To apply that general standard here, the court must consider whether there is any reasonable possibility that a state court might find that plaintiff has a claim against Lutheran Hospital that falls outside the scope of the Medical Malpractice Act, so that the claim is now ripe for litigation. Giving the plaintiff the benefit of disputes as to both facts and law, the answer is yes. The court cannot find fraudulent joinder here.

The special procedures under the supervision of the Indiana Department of Insurance apply to claims for "malpractice." See Ind. Code §§ 34-18-8-1 -4. The Medical Malpractice Act defines "malpractice" as "a tort or breach of contract based on health care or professional services that were provided, or that should have been provided, by a health care provider, to a patient." Ind. Code § 34-18-2-18. The Act defines a tort as a "a legal wrong, breach of duty, or negligent or unlawful act or omission proximately causing injury or damage to another." Ind. Code § 34-18-2-28.
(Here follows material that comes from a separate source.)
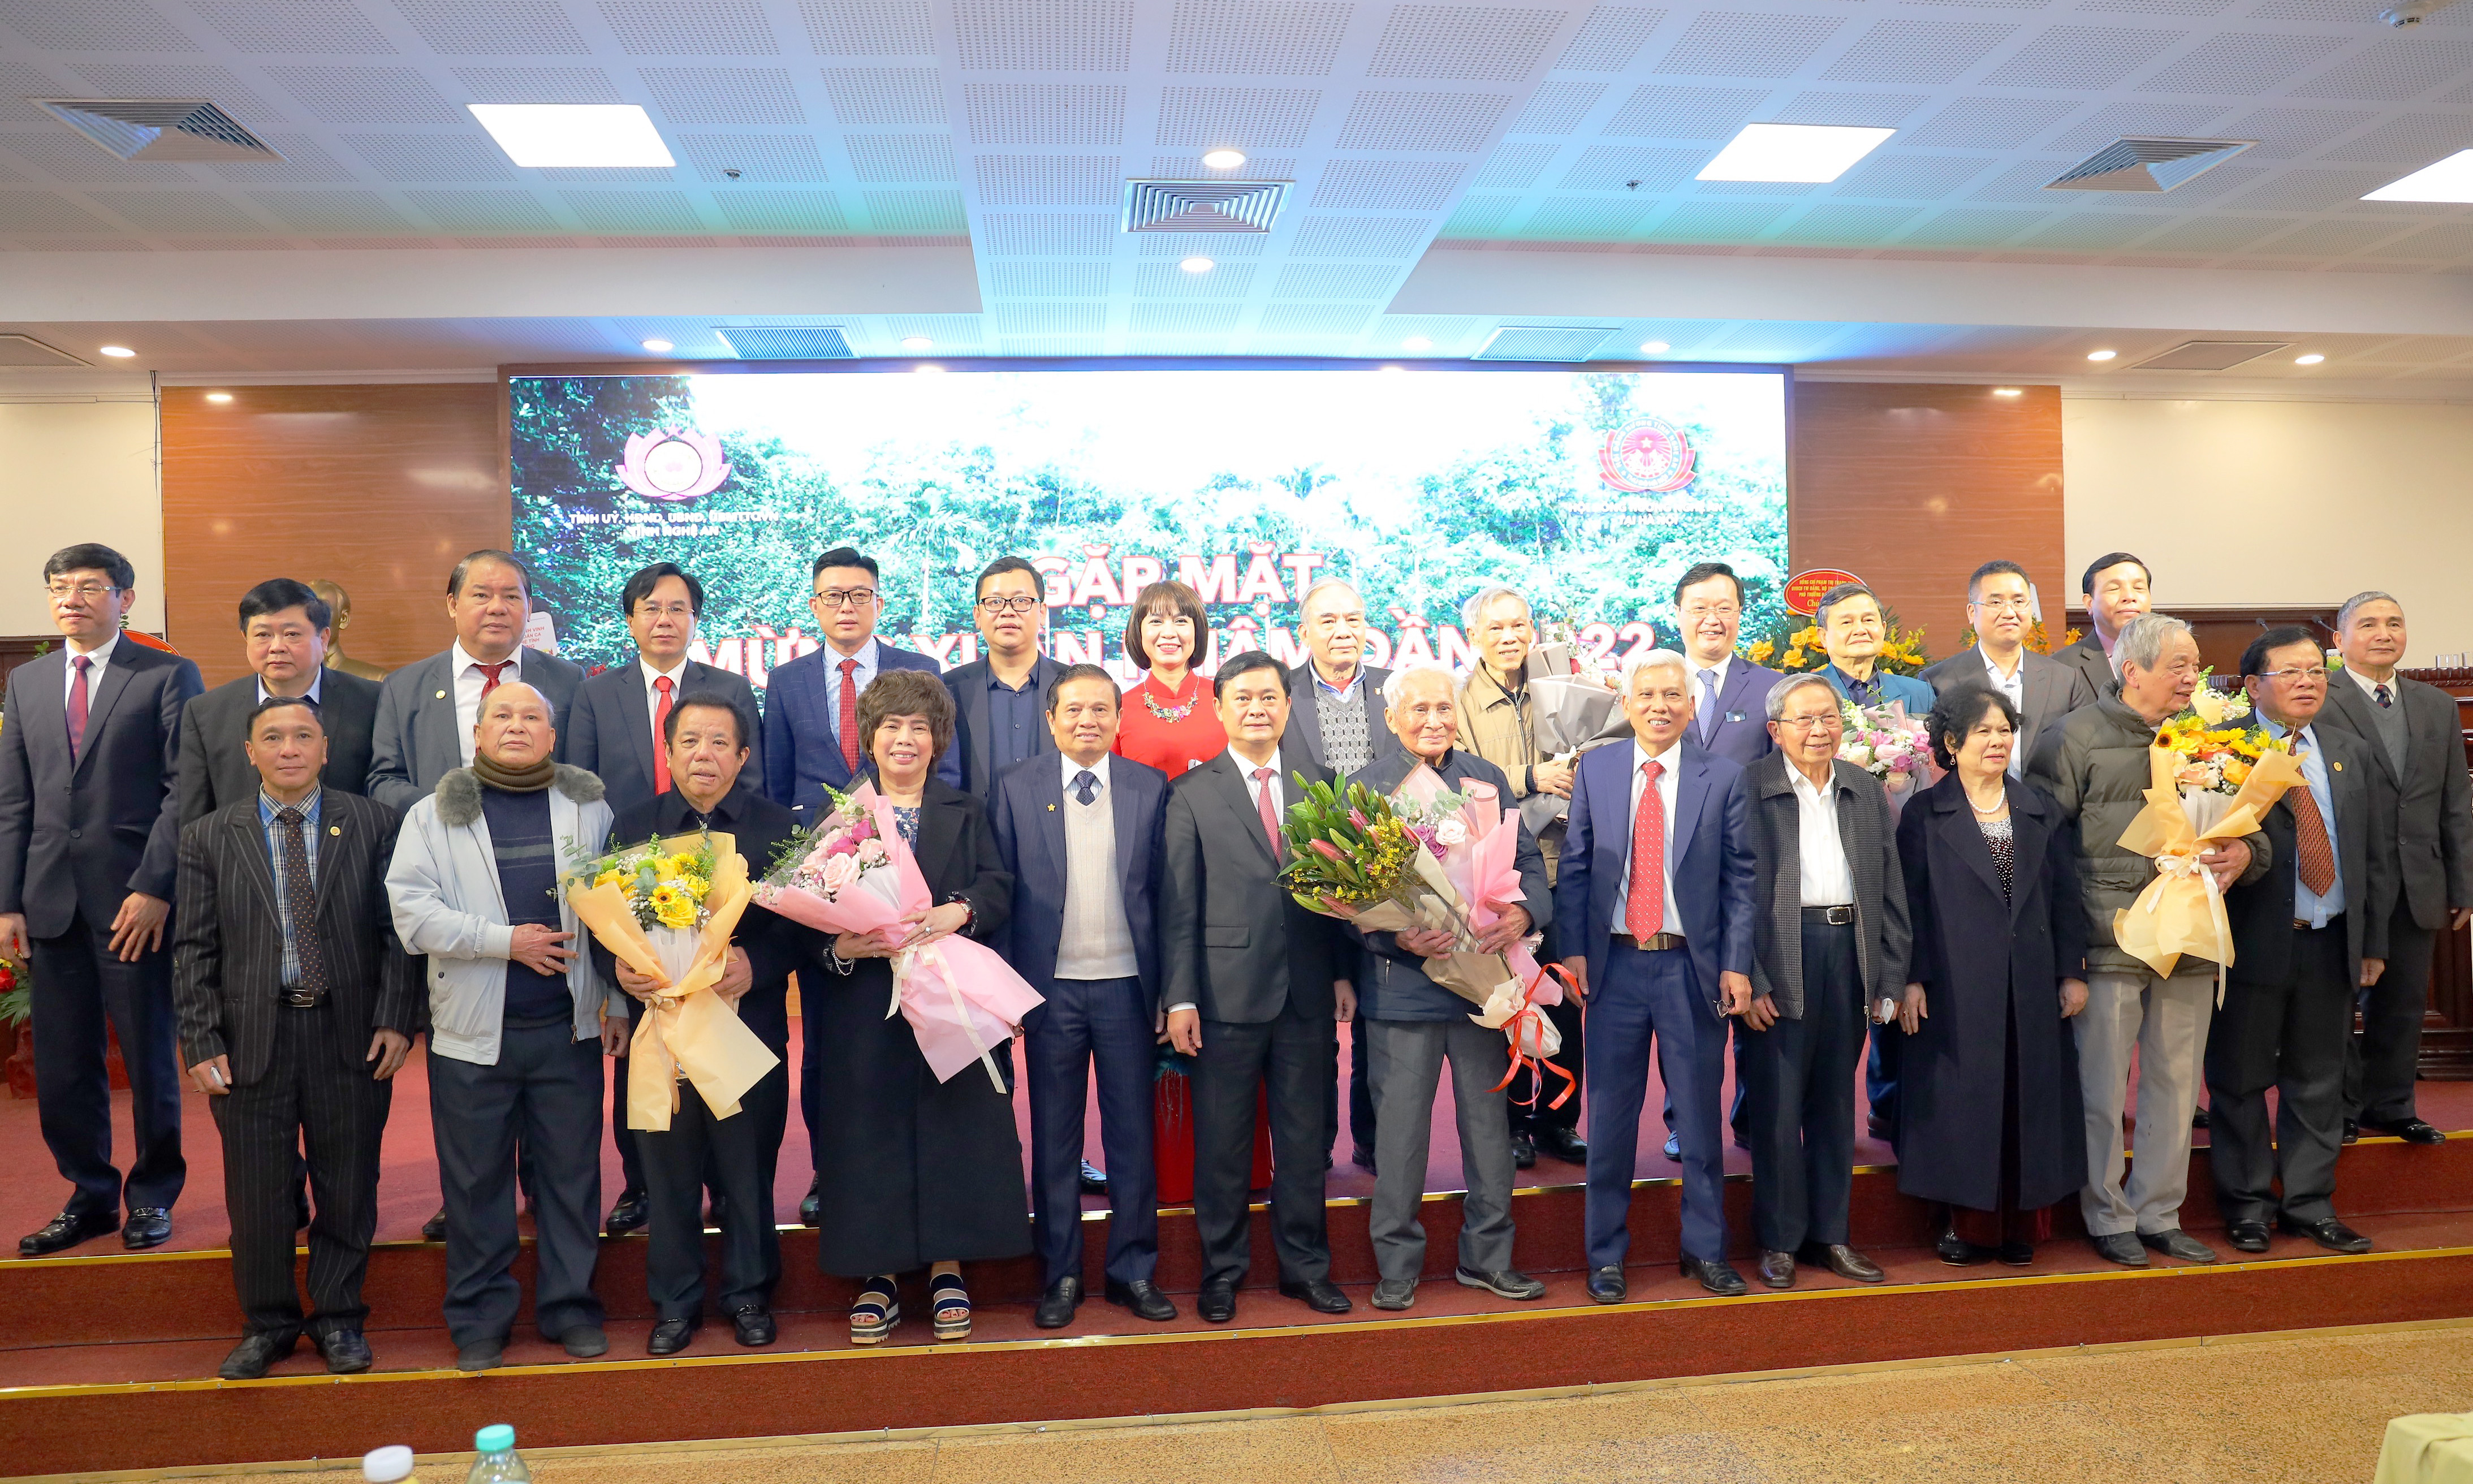 Lãnh đạo tỉnh và Ban liên lạc Hội đồng hương Nghệ An tại Hà Nội tặng hoa chúc mừng các doanh nhân người Nghệ An có nhiều đóng góp tích cực. Ảnh Nguyên Nguyên

Indiana courts have repeatedly explained that the Act does not apply to every negligent act or omission by a health care provider. E.g., Winona Memorial Foundation v. Lomax, 465 N.E.2d 731, 742 (Ind.App. 1984) (holding that hospital patient's "premises liability" claim for injuries resulting from fall caused by negligent maintenance of hospital floor was not a malpractice claim within the scope of the Act). In general, "the Act applies to conduct, curative or salutary in nature, by a health care provider acting in his or her professional capacity, and is designed to exclude only conduct which is unrelated to the promotion of a patient's health or the provider's exercise of professional expertise, skill, or judgment." Winona Memorial Hosp., Ltd. P'ship v. Kuester, 737 N.E.2d 824, 828 (Ind.App. 2000), citing Methodist Hospital of Indiana, Inc. v. Ray, 551 N.E.2d 463, 466 (Ind.App. 1990), adopted on transfer, 558 N.E.2d 829 (Ind. 1990). The Act requires malpractice claims to be evaluated by an expert medical panel before they can be pursued in court. The scope of the panel's expertise can be useful in considering whether a claim qualifies as "malpractice" under the Act, and is thus required to be submitted to a panel, or whether a claim is one for ordinary negligence and not subject to the Act. "Such matters as the maintenance of reasonably safe premises are within the common knowledge and experience of the average person. Health care providers, who must make up the medical review panel . . . are no more qualified as experts on such matters than the average juror." Winona Mem'l Found. v. Lomax, 465 N.E.2d at 740.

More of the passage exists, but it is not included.